Designed as a “timeless, sensory journey”, according to Yannick Lintz, president of the Guimet museum, the exhibition invites you to discover their representations and their history through 300 statues, paintings, ritual objects and pharmacopoeial treasures, never shown for the first time. mostly.

This thematic journey begins under a beam of luminous points evoking the network of meridians – twelve main points on the body, each corresponding to an organ – and the circulation of vital energies, at the heart of health for these medicines.

A first section evokes the mythology, history and development of Chinese, Indian and Tibetan medical traditions, based on the equivalences between infinitely large and infinitely small.

At the heart of the drawings and sculptures: the balances, stimulated in a preventive way, and a pantheon of divinities embodying the concepts of disease or healing.

“These medicines are very popular today, there has been renewed interest in the West since the Covid, but this interest is not recent”, underlines Aurélie Samuel, one of the three commissioners, with Alban François and Thierry Zephyr.

If these practices, mainly discovered in the 17th century, are still not officially widespread in Western allopathic medicine, it integrates them little by little.

Hospital care based on Chinese medicine is thus offered in Paris “to remedy the side effects of chemotherapy”, underlines Ms.
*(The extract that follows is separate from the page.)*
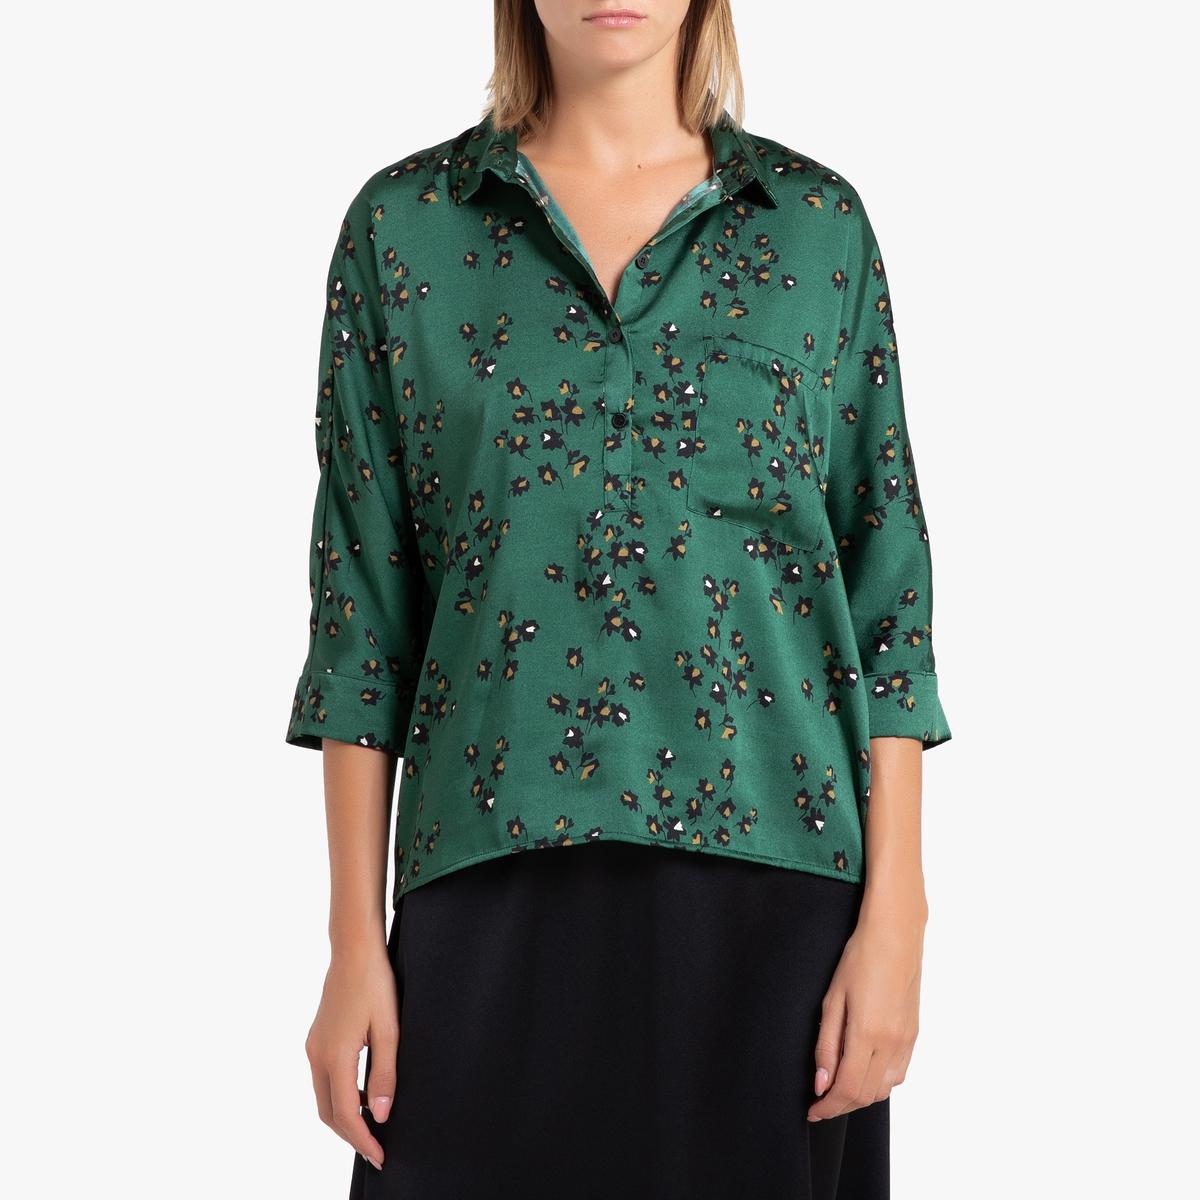 Блузка La Redoute С рисунком и рукавами VICTORI XL зеленый блузка с рисунком и рукавами с напуском kalao blouse

Samuel.

Central point of the exhibition, a space designed as an apothecary’s cabinet presents the pharmacopoeia (dried animals, medicinal plants such as betel, opium, ginseng…), acupuncture mannequins and liquor boxes and medical preparations.

This is followed by the presentation of the diagnosis, including taking the pulse, and treatments such as acupuncture, moxibustion (acupuncture by heat, editor’s note), Ayurvedic massages and energy practices (qi gong, tai chi, yoga).

In other rooms, the visitor is invited to a guided meditation exercise or to discover shamanism and exorcism.

The exhibition ends with the “dialogue of opposites” between East and West: precious encyclopaedic works rub shoulders with a Japanese painted scroll, deployed over eight meters, illustrating the scientific dissection of a condemned man.